Exact reproduction of the data is required, with images excluded.

→ Data:
============================================================

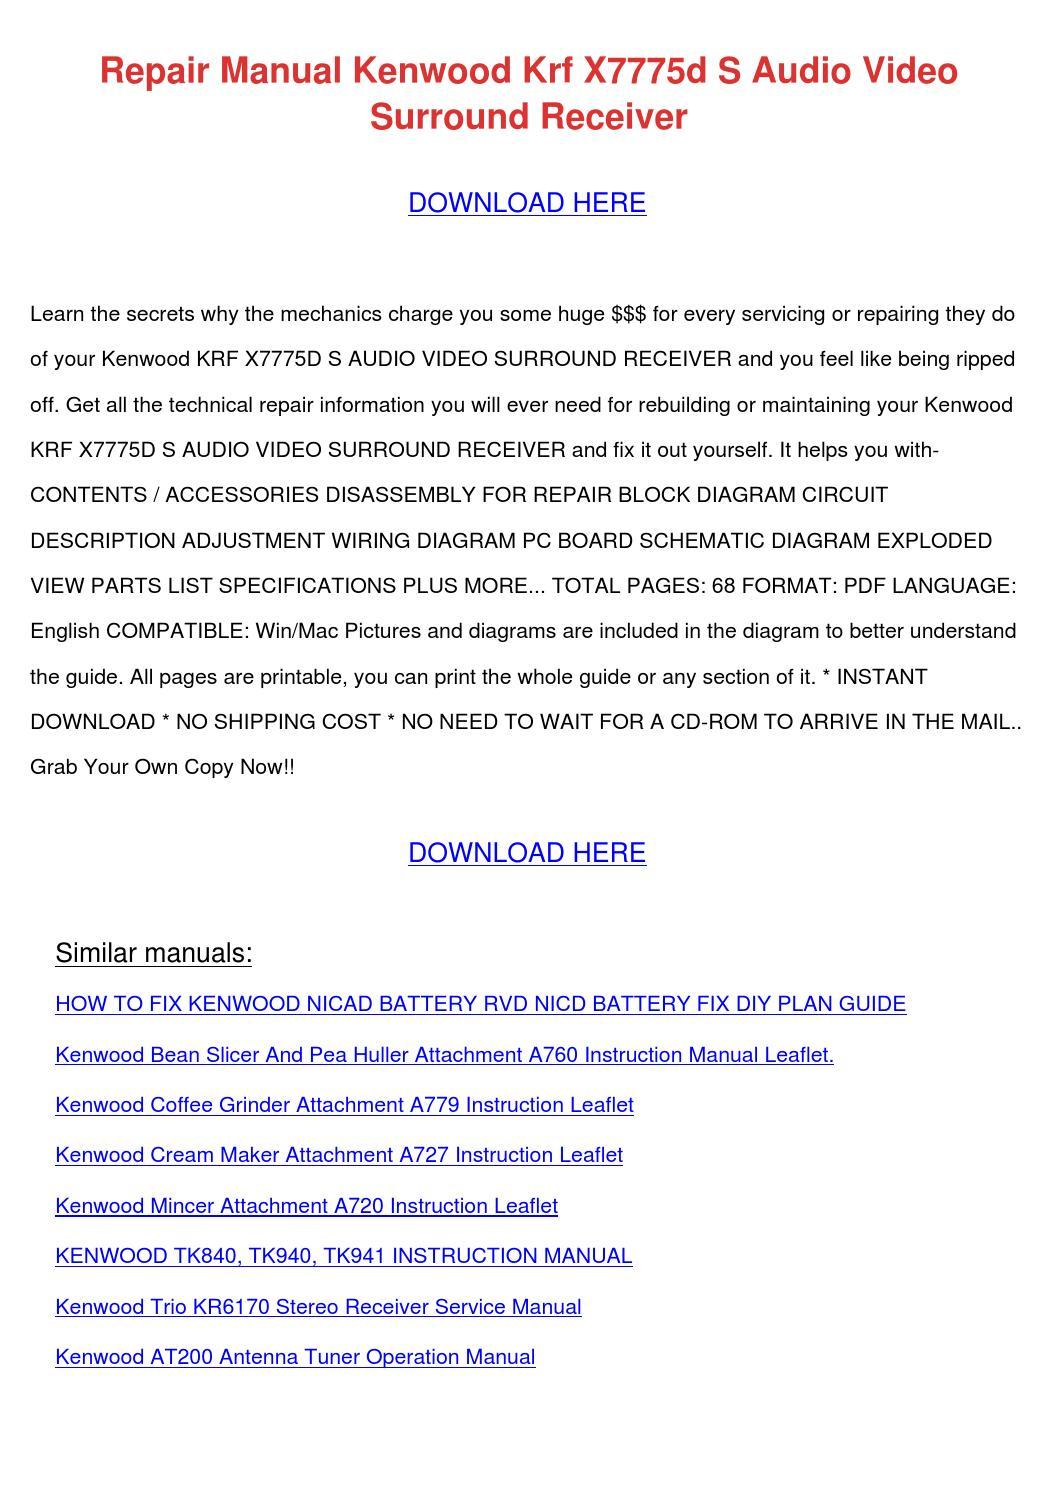 Repair Manual Kenwood Krf X7775d S Audio Vide by RafaelMontgomery ...
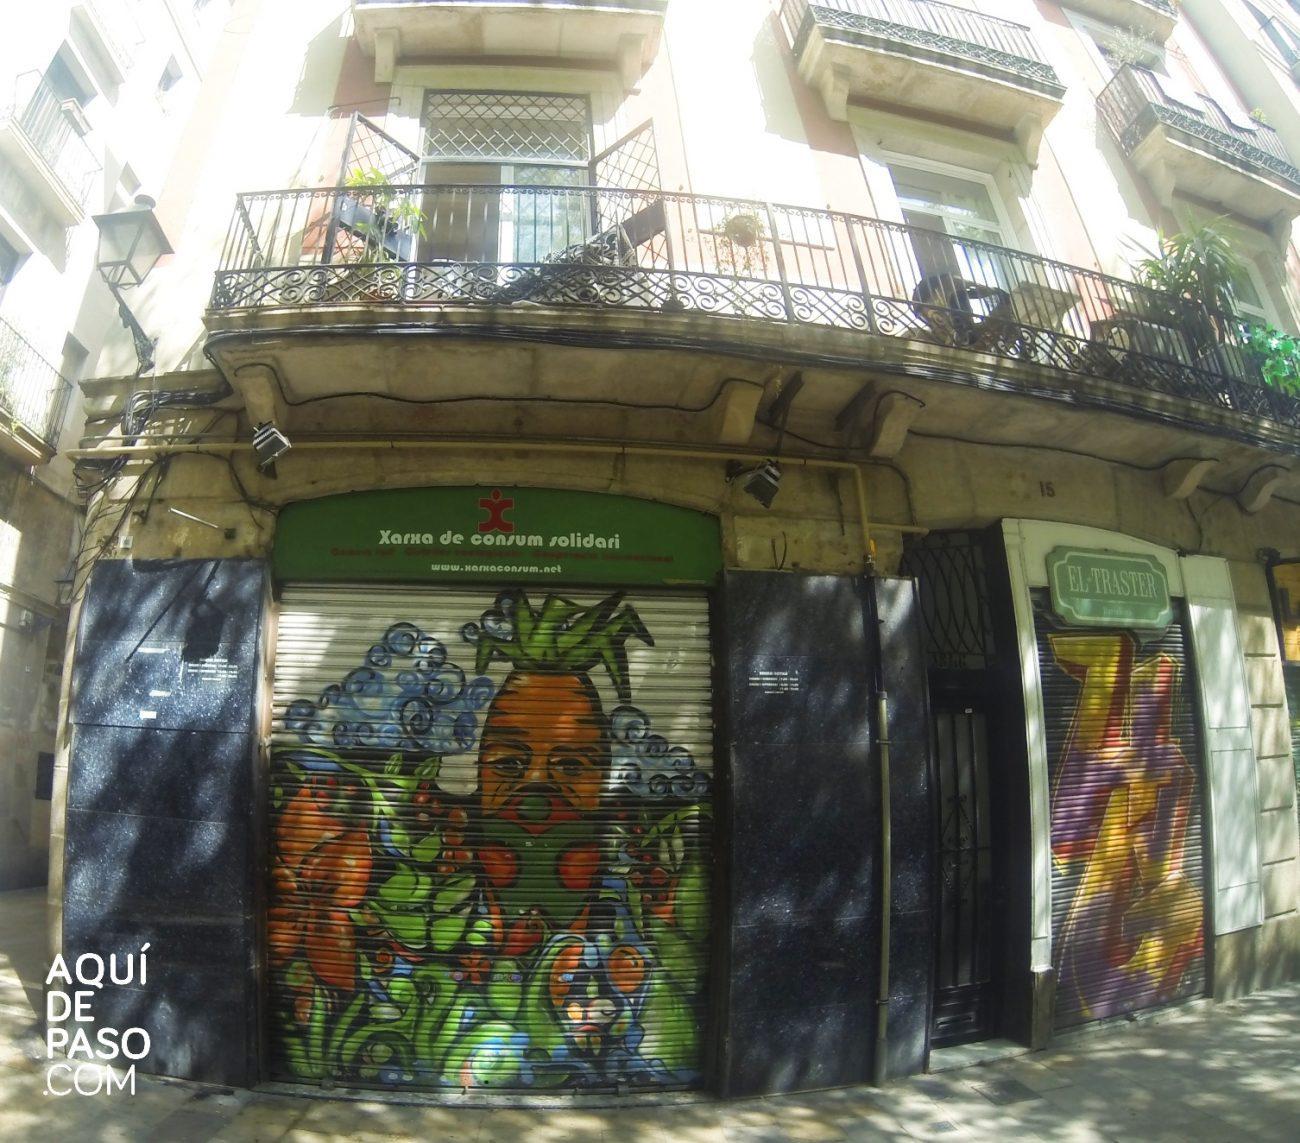 Alojamiento en Barcelona - Aquidepaso.com
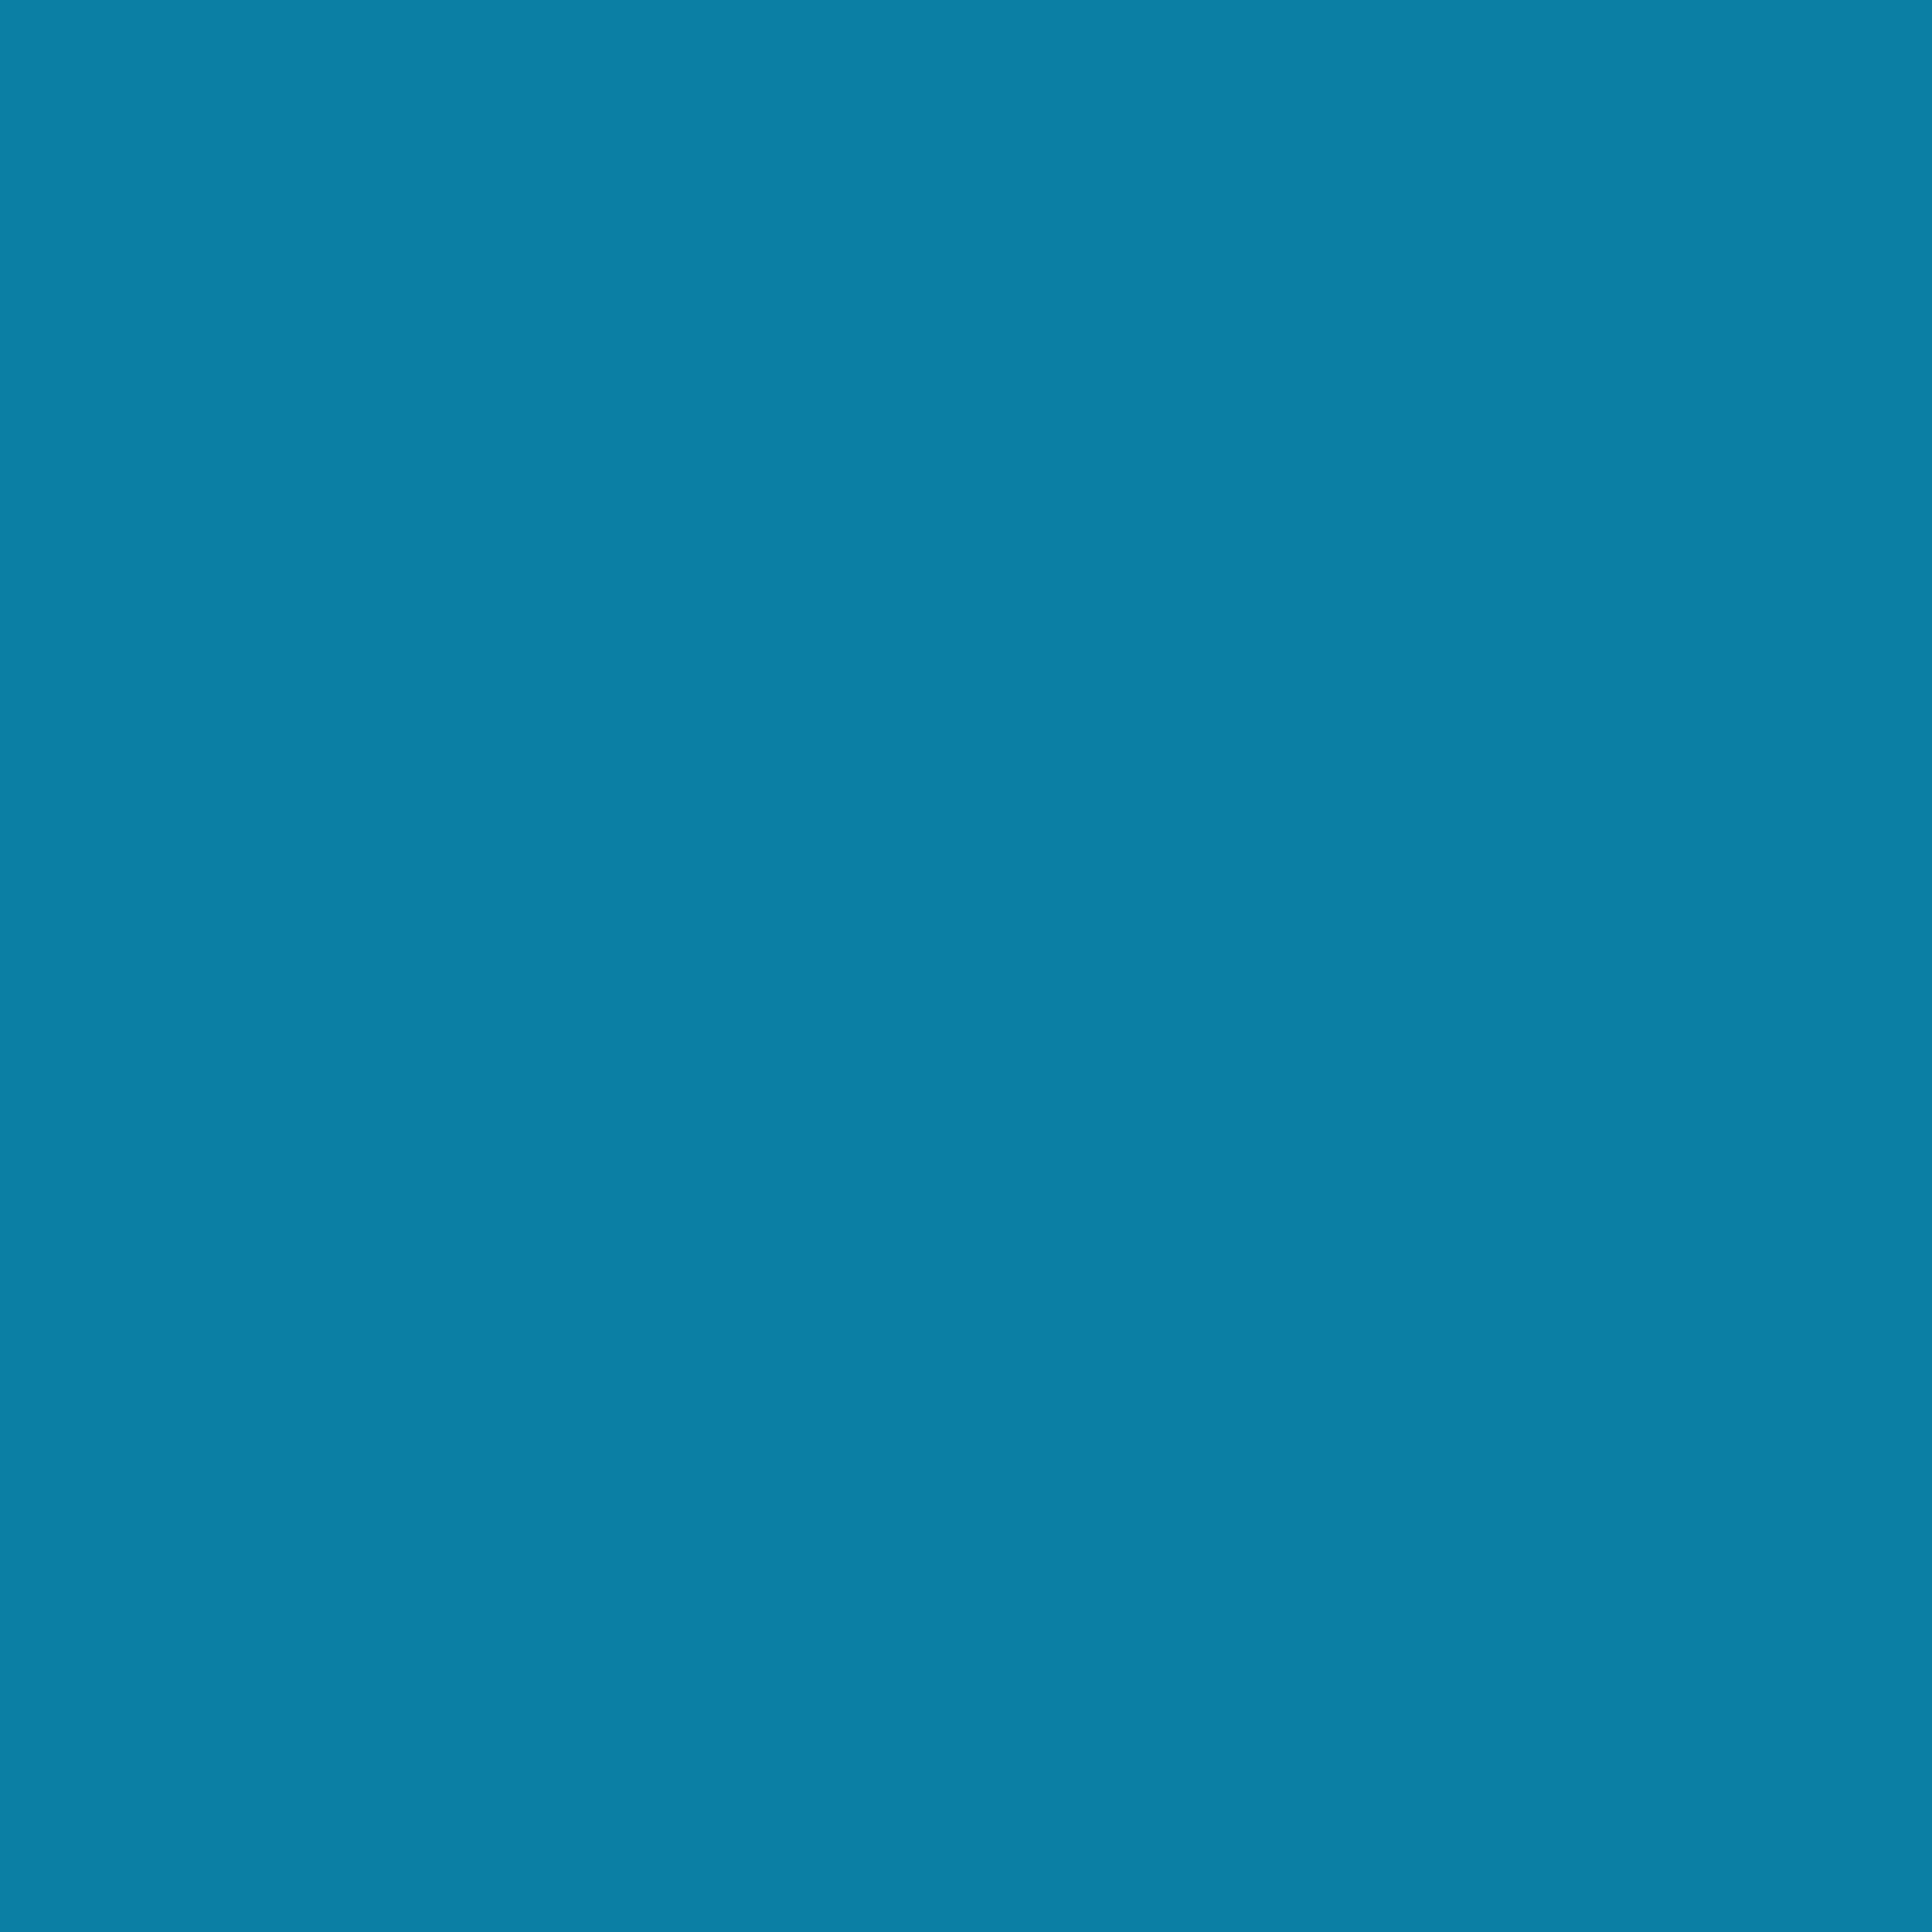 Dark Blue   HEX: #087FA3   RGB: 8, 127, 163   CMYK: 86, 39, 23, 1

============================================================

→ Solution:
 Repair Manual Kenwood Krf X7775d S Audio Vide by RafaelMontgomery ...
 Alojamiento en Barcelona - Aquidepaso.com
 Dark Blue   HEX: #087FA3   RGB: 8, 127, 163   CMYK: 86, 39, 23, 1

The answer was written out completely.